→ Your instructions
Restate word for word the lines between the start of the material and the line with "Star Gazetesi Yazarları", keeping both of those ends and none of the pictures.

→ Recorded information
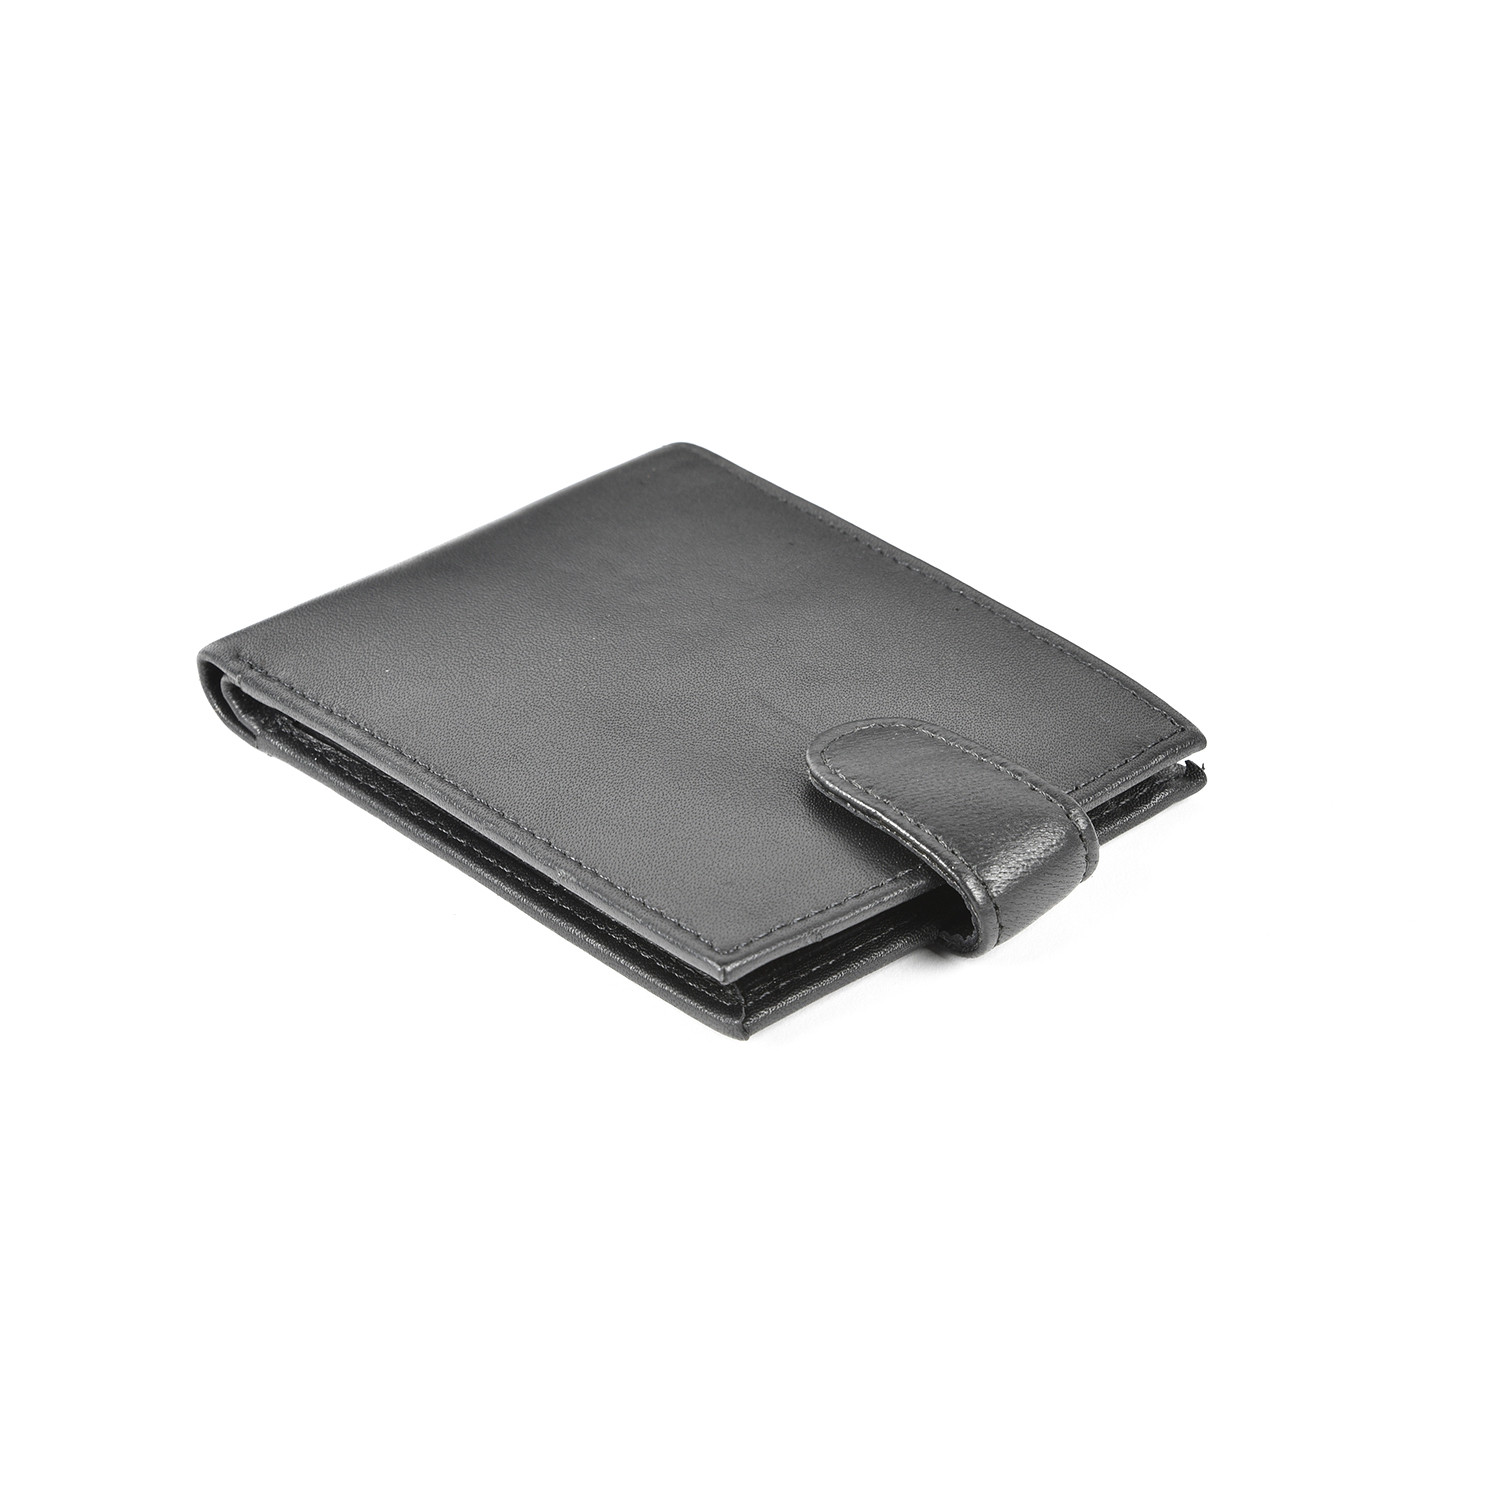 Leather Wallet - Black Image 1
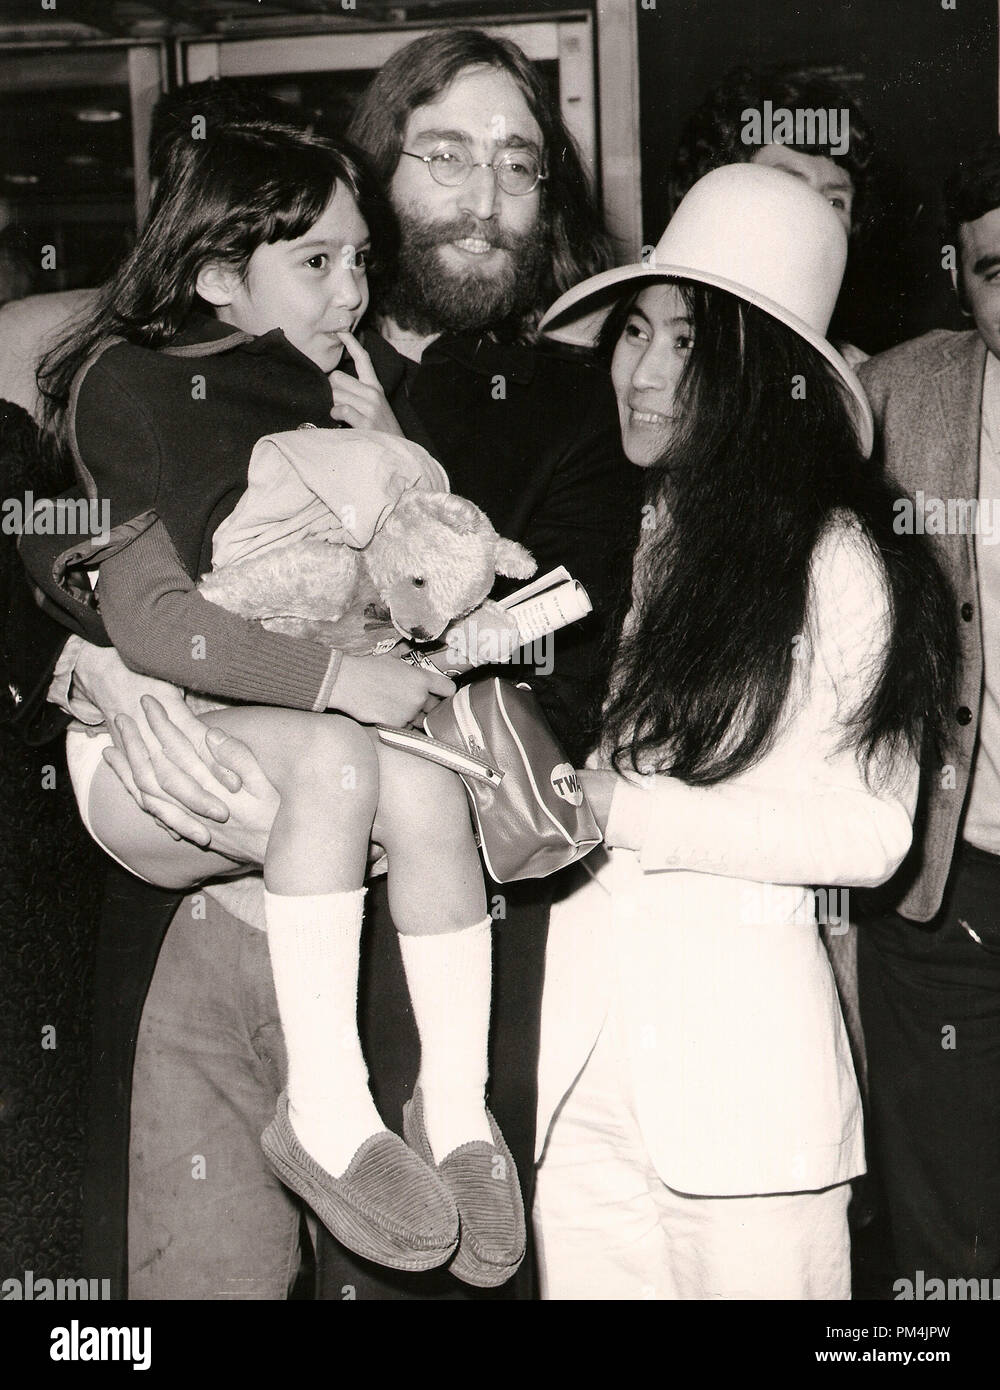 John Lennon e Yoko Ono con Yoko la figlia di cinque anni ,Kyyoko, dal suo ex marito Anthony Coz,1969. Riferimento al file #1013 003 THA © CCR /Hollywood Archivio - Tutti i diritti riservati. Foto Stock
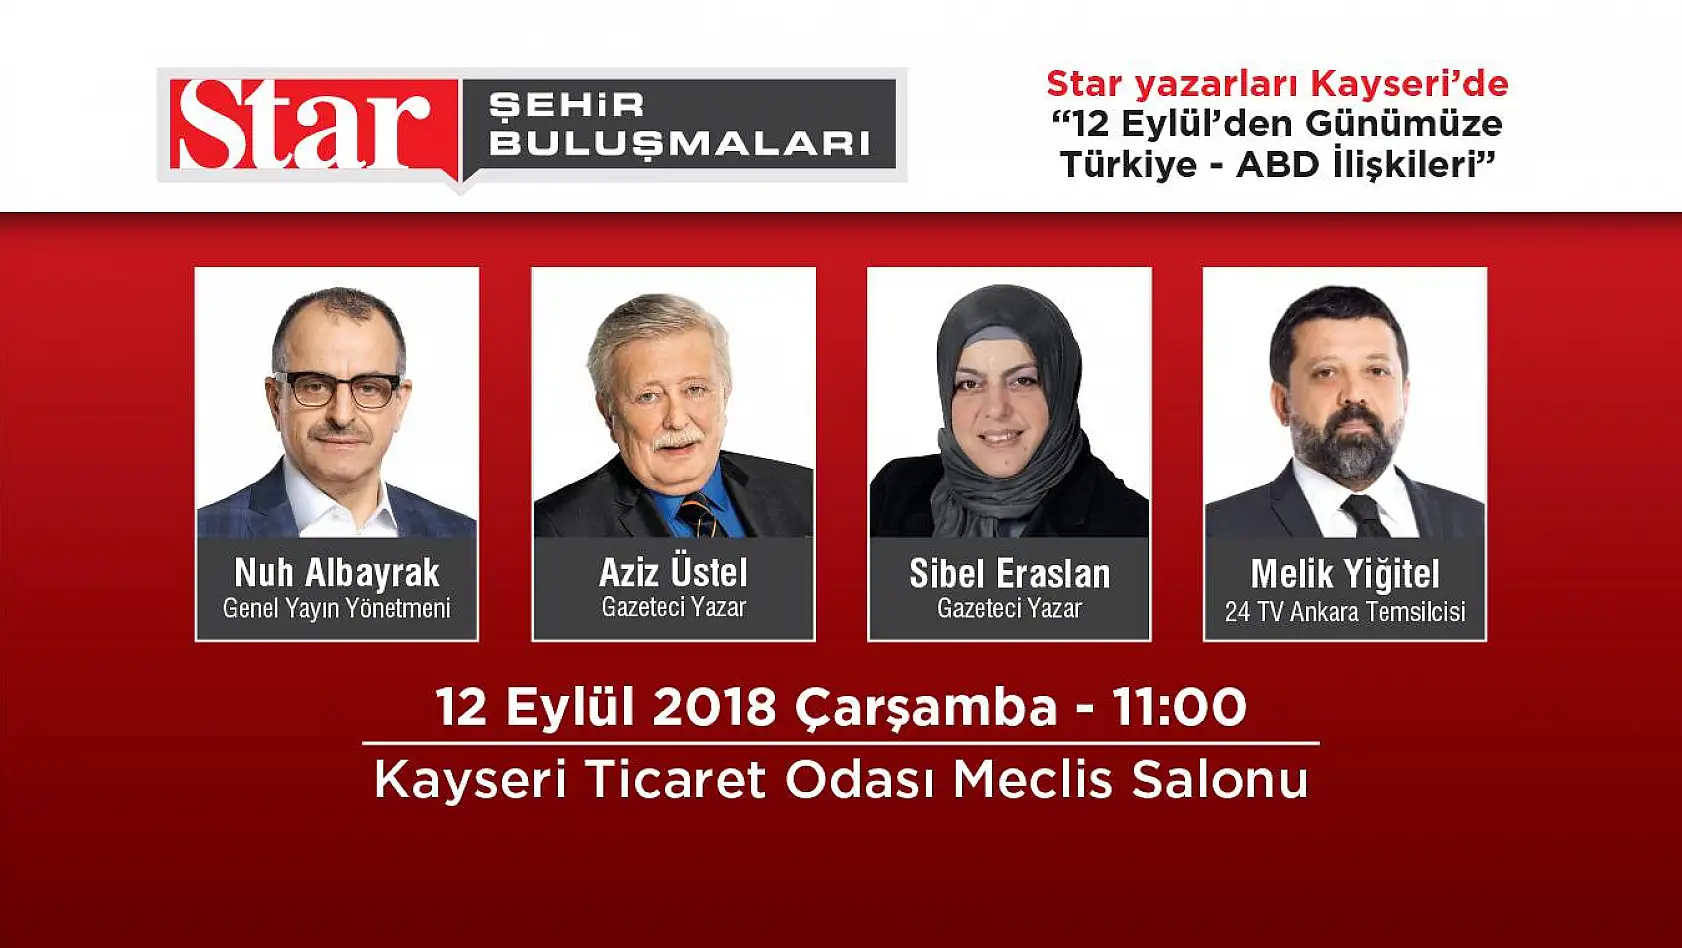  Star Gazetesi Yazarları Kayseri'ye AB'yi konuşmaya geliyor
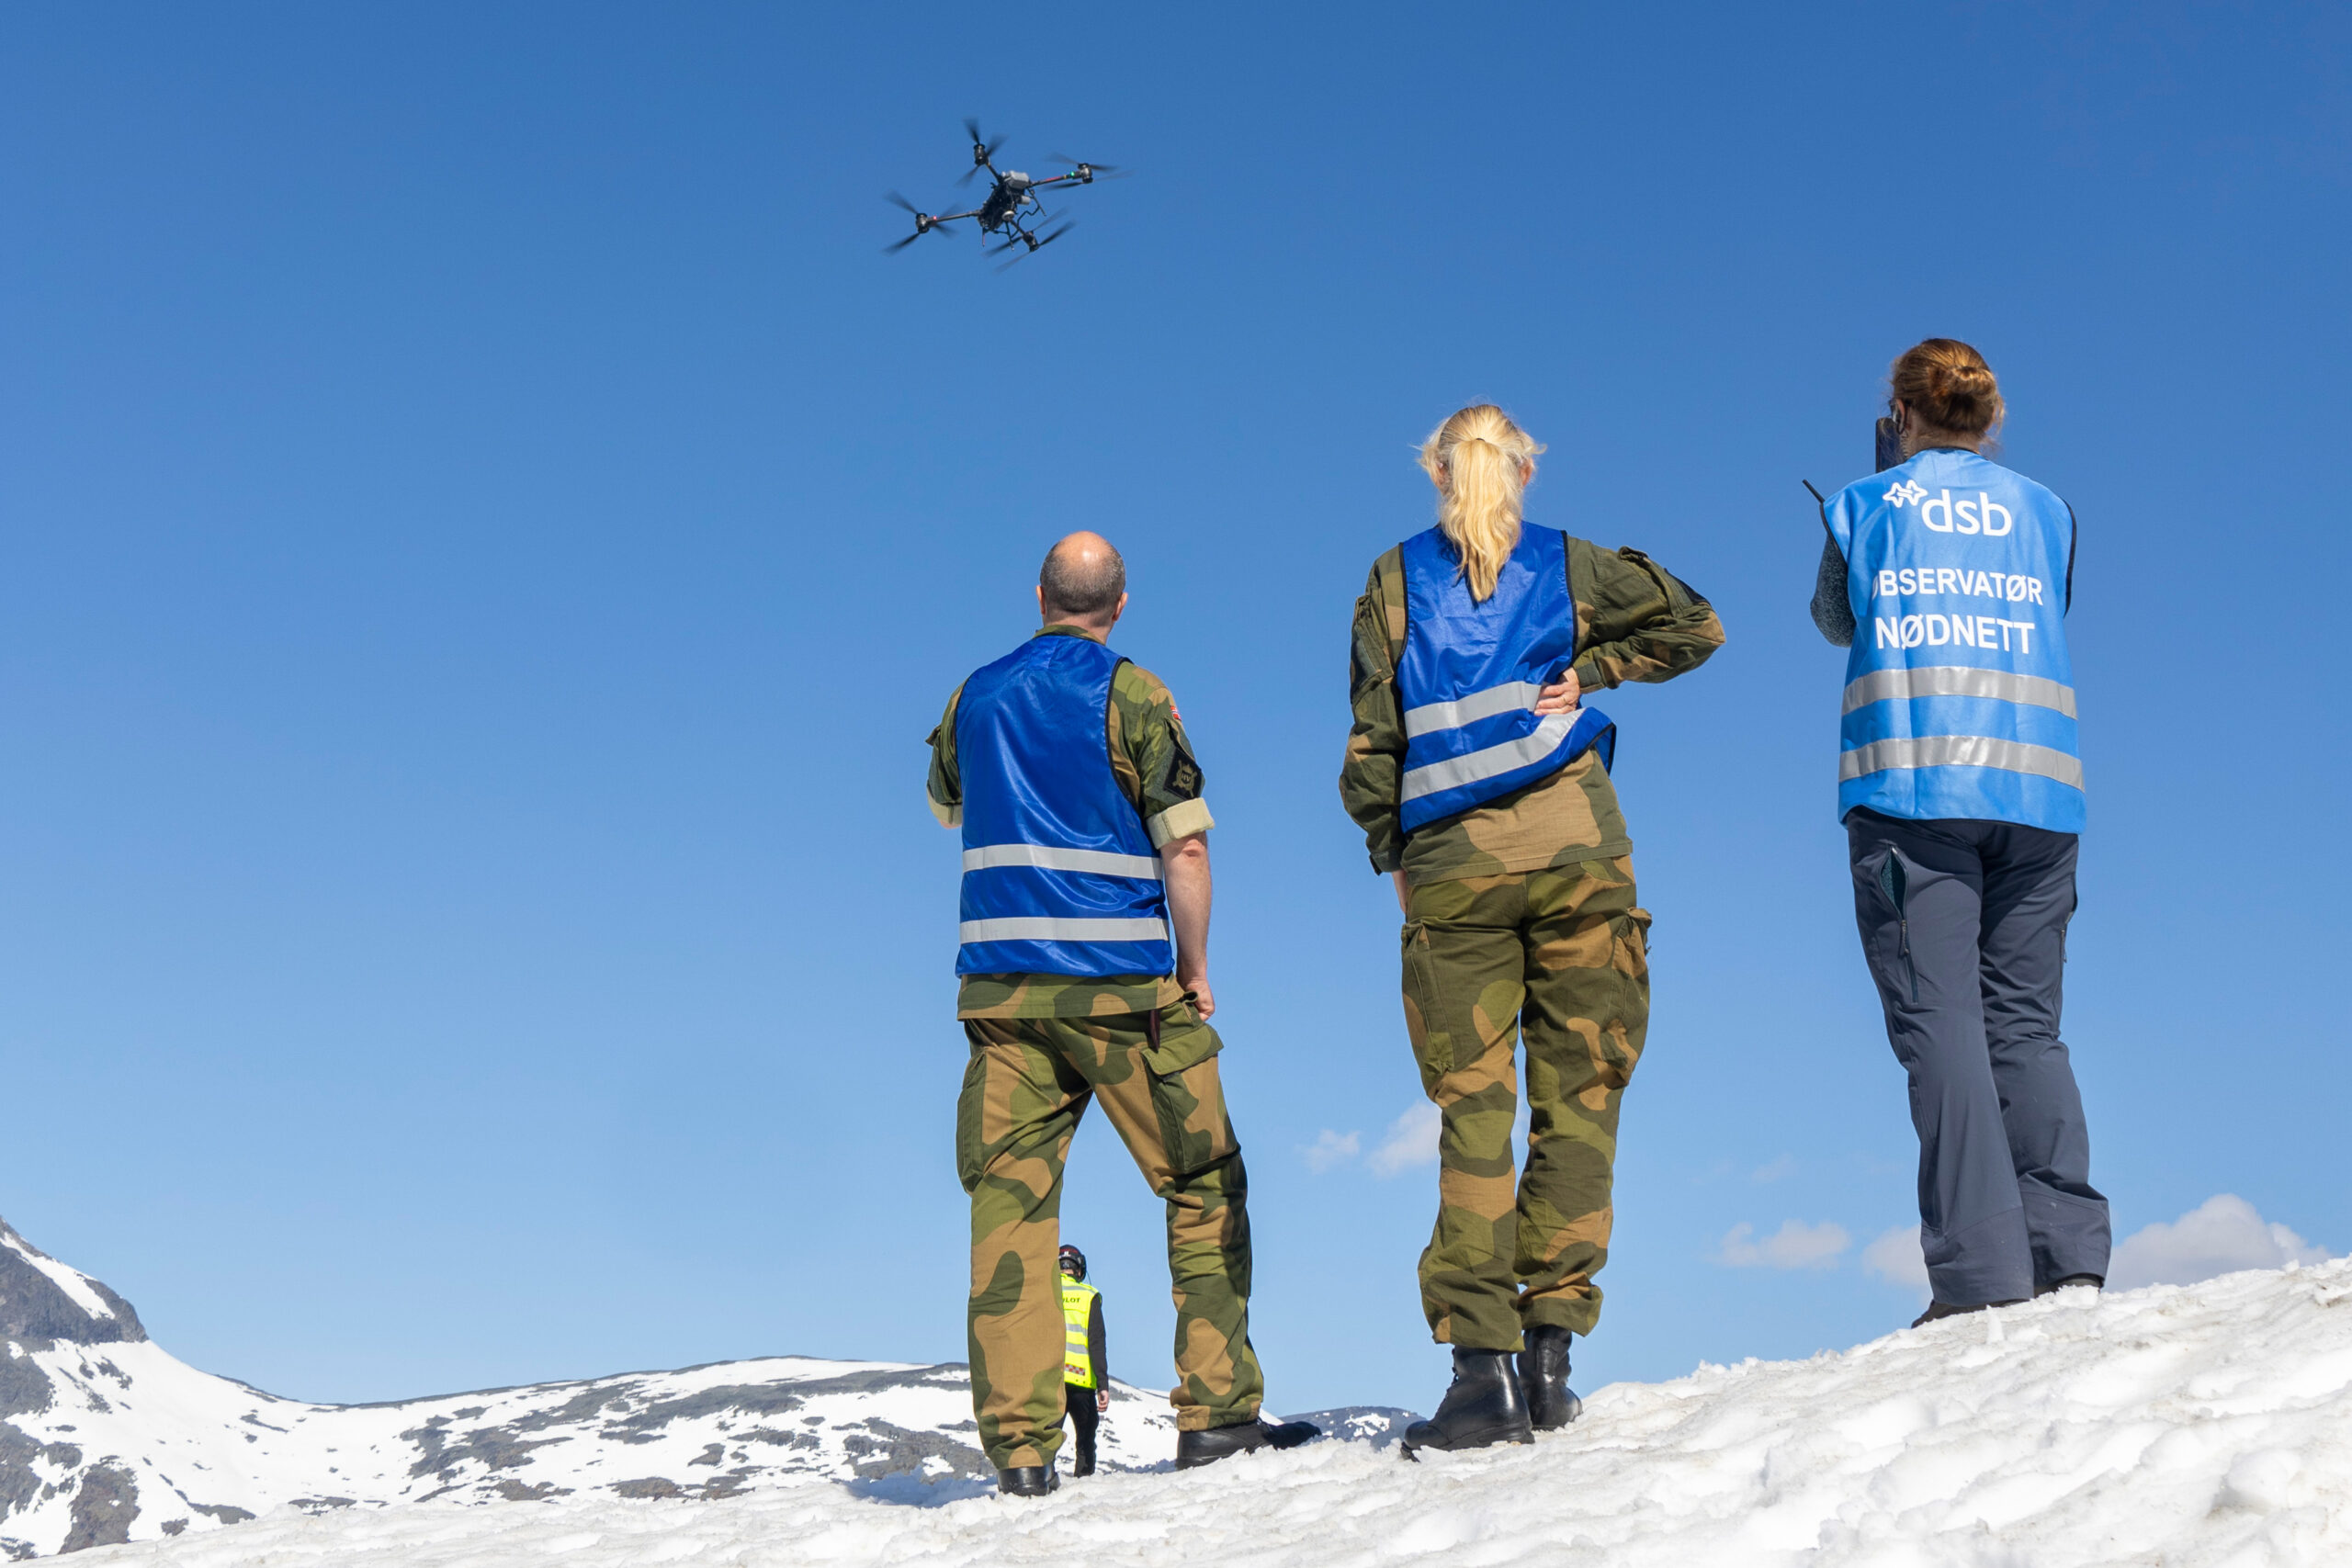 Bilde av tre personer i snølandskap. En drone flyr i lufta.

→ Result of the task
 Leather Wallet - Black Image 1
 John Lennon e Yoko Ono con Yoko la figlia di cinque anni ,Kyyoko, dal suo ex marito Anthony Coz,1969. Riferimento al file #1013 003 THA © CCR /Hollywood Archivio - Tutti i diritti riservati. Foto Stock
  Star Gazetesi Yazarları Kayseri'ye AB'yi konuşmaya geliyor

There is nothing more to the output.